Boy's death moves Russians here; Community joins in bid to adopt girl who lived with slain child

Date: 2003-12-23

Chicago Sun-Times
Author: Lucio Guerrero Dan Rozek

The calls came pouring into the state's Department of Children and Family Services on Monday from families looking to adopt a Russian youngster whose mother is being charged with killing her 6-year-old brother.

"It's just one of those stories that has touched the hearts of people all over the area," said Jill Manuel, spokeswoman for the Chicago DCFS office. "It is such a heartbreaking story."

Police said the mother, Irma Pavlis, shook, struck and beat Alex M. Pavlis to death Thursday, only a month after adopting the boy and girl from Russia.

Bail for Pavlis was set at $3 million Monday during a brief court appearance before Cook County Judge Karen Thompson-Tobin in Rolling Meadows.

Prosecutors offered little new information about the child's death and didn't offer a motive for the beating allegedly by Pavlis, 32. Nor did they disclose any details of the recent adoption, said Tom Stanton, a spokesman for Cook County State's Attorney Dick Devine.

Authorities began investigating after Pavlis made a 911 call Thursday to report her adopted son wasn't breathing. The boy was taken to the Alexian Brothers Medical Center, then airlifted to the Loyola University Medical Center, where he died the next day.

An autopsy showed the child had been beaten to death, Stanton said. Pavlis was taken into custody Saturday and charged Sunday with first-degree murder.

Pavlis' husband has not been charged in the case, Stanton said. A 5-year-old girl also adopted by the couple from the same Russian town as Alex was taken into custody by the Illinois Department of Children and Family Services.

Pavlis and her husband lived in a second-floor, two-bedroom condo at the Savannah Trace condominiums in Schaumburg.

Not surprisingly, many of the calls that came into the DCFS office were from Russian Americans in the Chicago area. That community, mostly on the city's North Side and in Skokie, has grown considerably in the last 20 years. It is now close to one of the largest immigrant communities in the city.

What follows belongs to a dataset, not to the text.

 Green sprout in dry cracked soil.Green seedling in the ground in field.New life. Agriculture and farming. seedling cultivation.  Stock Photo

According to the 2000 U.S. Census, about 102,900 people in Cook County identified themselves as Russian or Ukrainian.

News of the Russian orphan went out throughout the local Russian community.

"We've been reporting it all day on our newscasts," said Ellen Ostrov, manager of Northbrook-based New Life Russian Radio, which carries Russian-language programming in Chicago. "It is something that we have been talking about in the news."

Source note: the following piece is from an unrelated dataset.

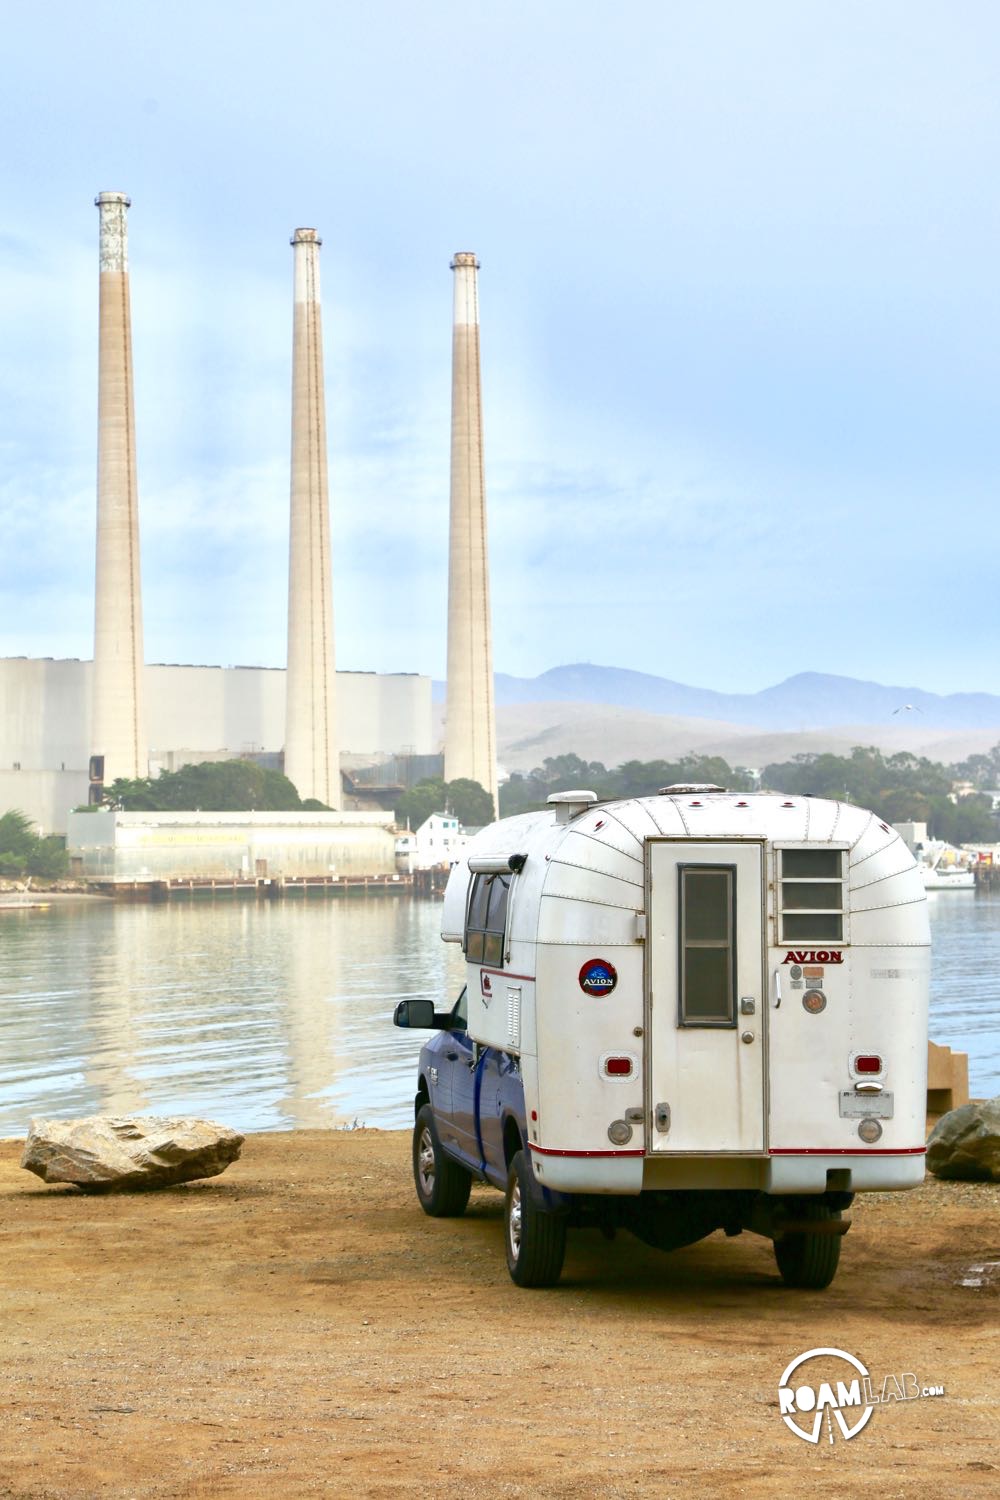 Looking at the Morro Bay Power Plant in our Avion Ultra truck camper.

Manuel said they are hoping that someone from the Chicago area's large Russian community come forward to help rear the girl

The Pavlises were not Russian and had tried to learn to speak the language before adopting the children, according to Manuel and others who knew the couple.

"What we are doing is looking for a home where Russian is spoken," Manuel said. "We want to find a home that will suit her needs. We want to find a place where she could communicate routinely in her language and not have to rely on a translator."

Russia has long been one of the leading countries in providing babies for U.S. families seeking adopted children. In 2002, almost 5,000 children were adopted to families in the United States. That is up considerably since 1992, when there were 324 Russian adoptions.

The average cost to adopt a Russian child is around $20,000.

DCFS spokeswoman Manuel said the couple had arranged the adoptions privately and did not use an agency. She said they did go to a private agency to obtain the home study that is required by state agencies and immigration authorities for international adoption.

Manuel said the home study revealed no criminal background for either parent and no connection with either child abuse or neglect.